Eventually, Groundswell morphed into the trio Three Days Grace, and the group moved to nearby Toronto. There, they came to the attention of Jive Records, which released the band’s eponymous album in 2003. A platinum hit, Three Days Grace spawned two No. 1 singles, “I Hate (Everything About You)” and “Just Like You.” But true to their preternaturally depressed outlook, the band members soon discovered a dark side to their success.

“A lot of strange things happened on that first tour,” says lead guitarist Barry Stock, who joined the band during the sessions for Three Days Grace.

“So many things were new to us being thrown out there for the first time: starting to get success and partying and all the other stuff that goes along with it.

“Sometimes you get in a little over your head. You have feelings you never had before. Everybody wants to be your friend. Everybody seems to be your friend, but you don’t really know anybody. It’s very alienating.”

The band members dealt with these feeling in different ways at first.

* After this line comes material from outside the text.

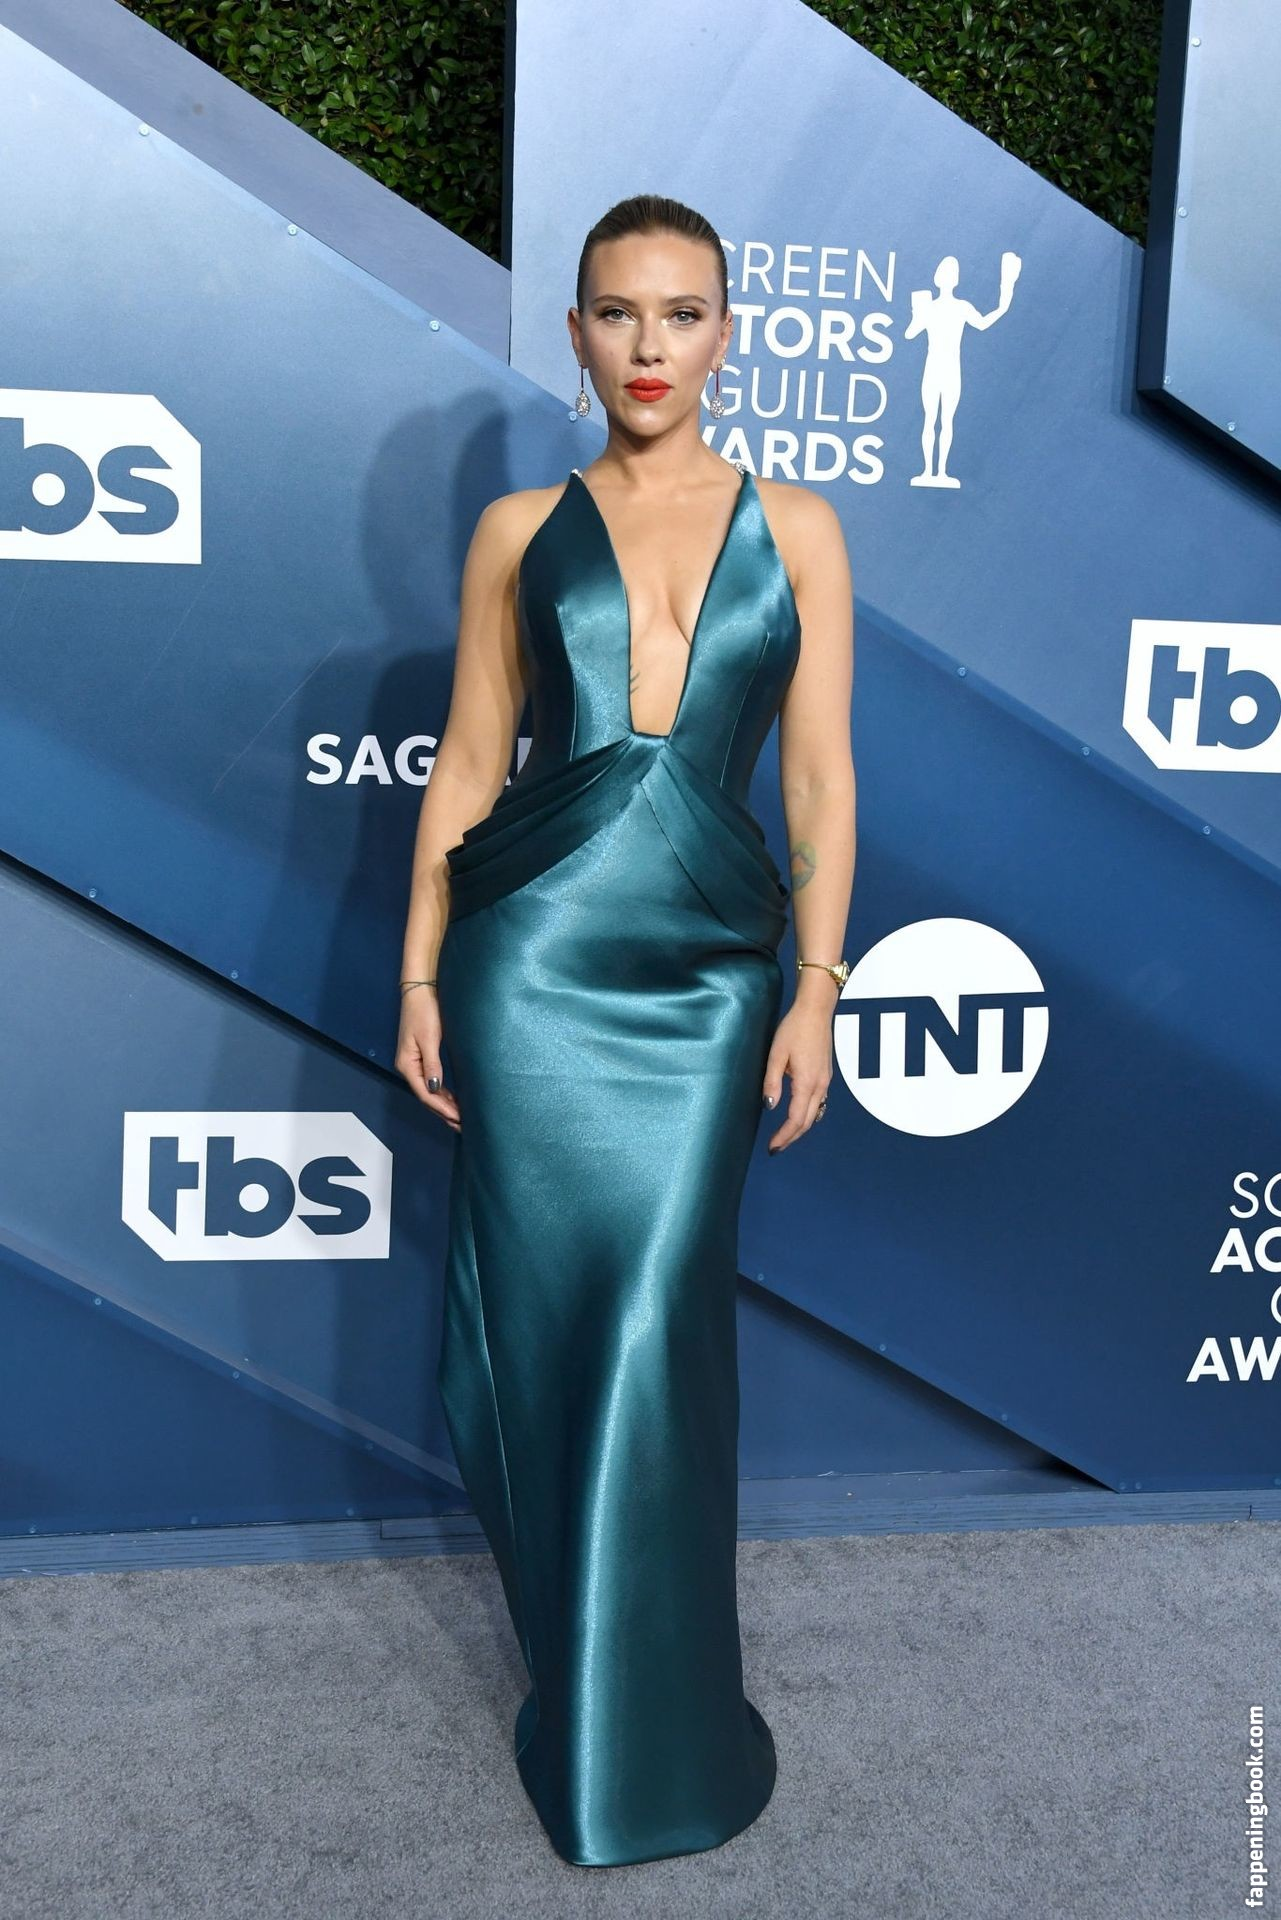 Scarlett Johansson Latest Hot Images,Wallpapers,Photos

Most publicly, Gontier checked into rehab for dependency on the prescription painkiller OxyContin. (Since going through recovery, Gontier and his bandmates have made a periodic habit of performing free shows at rehabilitation centers while on tour.)

After he was well enough, the band reconvened to write a new record and discovered its members had all been going through much the same thing. The quartet convened at Sanderson’s secluded lake house and began writing the songs that would make up “One-X.”

“It was either write or stare at each other,” says Stock of the self-imposed exile. “We hashed everything out together. We’d all sit together with acoustics and just break it down, really narrow down what we were trying to say with a song.”

On “One-X,” all the band’s party-fueled alienation, all its distrust of seedy sycophants, came to a boil in tracks like “Animal” and the record’s other No. 1 hits, “Pain” and “Never Too Late.”

“That’s what ‘One-X’ is all about really,” Stock says. “It’s about feeling like a target, like you’re standing alone in a crowd of people.”

Those days seem behind them now. Stock says the band has learned how to take care of itself on tour, how to spot who they can and cannot trust. But he adds the experience only served to strengthen the band in the long run.

“We’re much closer because of a lot of the things that we went through,” he says. “We managed to get through, and now we communicate much better as a band.”